I Scream for Ice Cream, or Why I Write for Children by Laurie Calkhoven


I had a lot of trouble trying to make a connection between ice cream and writing. I had a few ideas, but nothing was coming together in an interesting way. So I decided to go to the source. After dinner with a friend in the Flatiron district a few days ago, I suggested we try the gelato at Eataly. Unfortunately, on that brutally hot day, half of New York City had the same idea. So we crossed the street to check out the Shake Shack in Madison Square where the line for cold items is usually much shorter than that for hamburgers and fries. That’s where the other half of New York City had gathered. We abandoned our efforts and boarded our respective subway trains. But I had one more option before I cried uncle—my subway stop happens to be right in front of Dylan’s Candy Bar, a mecca of sweet treats. Once again, my desire for ice cream and inspiration was thwarted. This time by a busload of tourists. The universe, perhaps in collaboration with my bathroom scale, was sending a message—no ice cream for you tonight.
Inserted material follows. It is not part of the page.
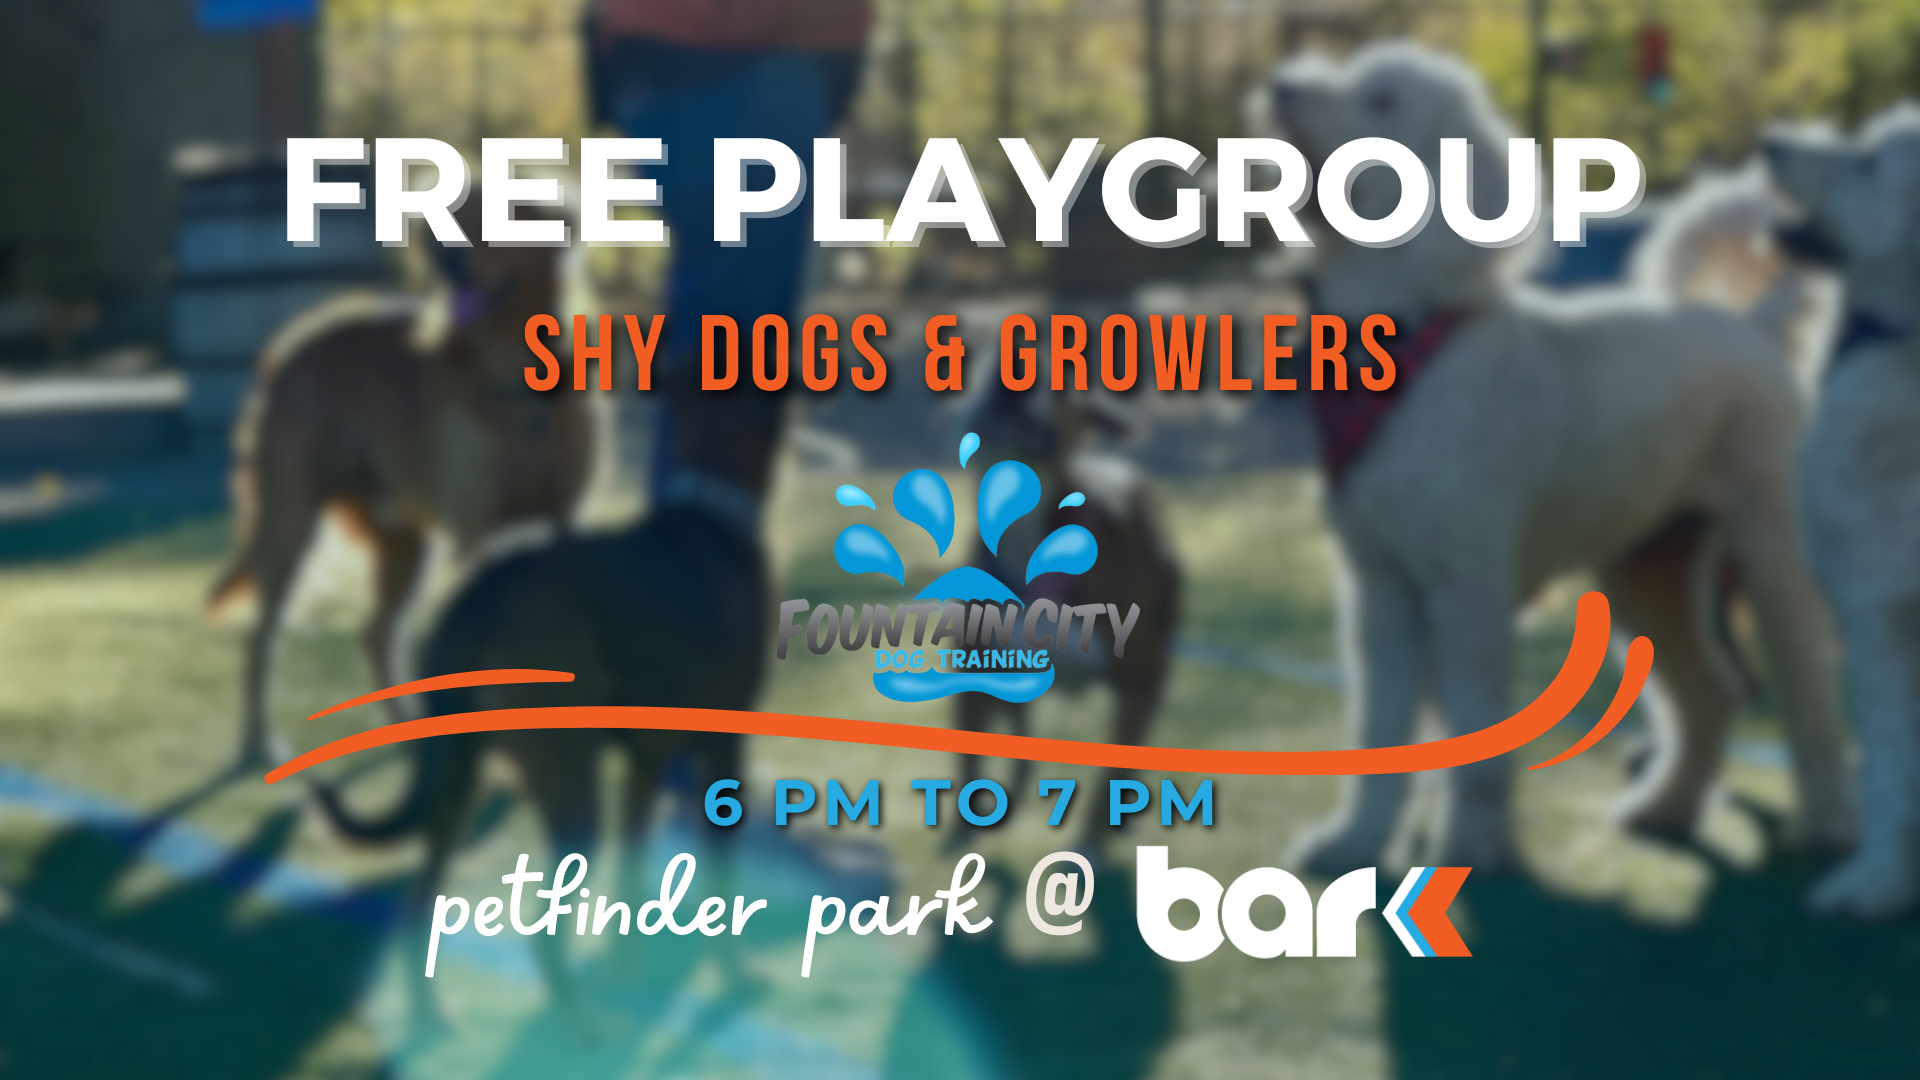 Free playgroup for shy dogs and growlers. Fountain city dog training at petfinder park. 6pm to 7 pm.

Walking home, I remembered another time my quest for ice cream was unfulfilled. I was around six or seven, and with twenty-five cents in my pocket I walked to the Dairy Freeze with my older sister and her friend Dinah after dinner one summer night. This was exciting because we were kids out without an adult in the nighttime (although not yet dark) and because our journey involved the crossing of a street (although not a busy one) and the Dairy Freeze was a place where teenagers gathered in all their thrilling and slightly frightening grownupness.

I stood on line to get my cone—waffle, not sugar—filled with a beautiful swirl of vanilla and chocolate, and I had enough money to get chocolate sprinkles, too. Heaven. Sneaking peeks at the teenagers, I waited for the others to get their ice cream. I took a couple of careful licks, wanting to make sure my cone lasted for the entire walk home.
Dinah was riding her brother’s much-too-big bicycle, so she wolfed down her ice cream and tried to climb on the bike. Instead, she and the bike fell into me, knocking me down and sending my ice cream—splat!—onto the sidewalk.

Teenagers laughed, Dinah yelled at me for being in her way, and my sister gobbled up her ice cream so that she wouldn’t have to share.
I can still remember the swirl of feelings—sad about the loss of my ice cream and almost two weeks’ allowance, outrage at being blamed for what was clearly Dinah’s mistake, humiliation at being knocked over and yelled at in front of teenagers, and hurt that instead of defending and/or helping me, my sister ate her ice cream and sided with her friend.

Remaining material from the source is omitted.